The reef structure is built by coral polyps secreting a limestone skeleton. Although a slow process, over hundreds of thousands of years the skeletons of dead corals built one on top of the other to produce the towering walls of coral that make such fantastic dive sites. Coral growth and reef life is most prolific just below the surface where the sunlight is strongest. The top few metres of a coral wall frequently grow outward to overhang the older corals below. As you descend below the surface teeming clouds of bright orange antheas will surge in and out of the reef in chaotic formation, pecking at minute specks in the water.
Life on a coral reef ranges right down to the macro level. For a change from the big scene get your mask as close as possible to a small area of reef and study it in detail. It may take a while to spot them, but with dedication you will see gobies, shrimps, pipe fish and other minute reef creatures.
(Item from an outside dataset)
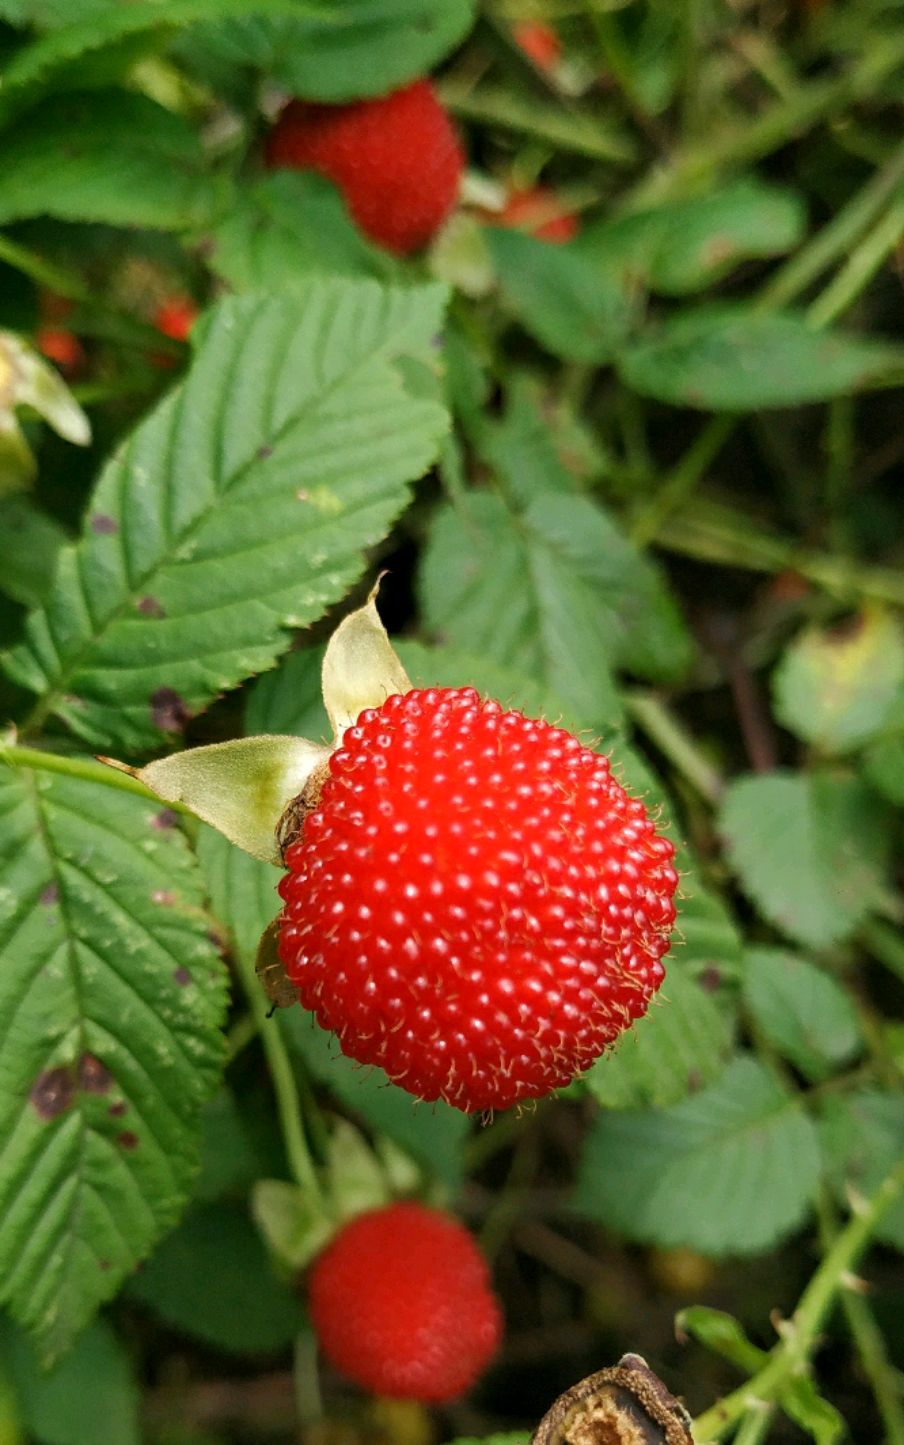 漫山遍野的野生树莓果清甜可口,赏心悦目,实在是太好吃了吧

Coral reefs are a threatened environment. They suffer pollution from heavy industry and towns, shore development, over fishing and increasing numbers of divers. We can do our bit by being careful how we treat the reef, maintaining good buoyancy control and avoiding touching the corals. Many flights to Red Sea destinations now show a video by the Marine Conservation Society about good diving practices on coral reefs.
A few years ago careless anchoring of diving and fishing boats used to do appalling damage to the reef. This is all changing with local crews are now being careful in their placement and retrieval of anchors and using mooring buoys where they are available. There still remains the occasional rogue, and the best way to pull such boats in to line is with polite but firm pressure from us, the tourists their livelihoods depend on.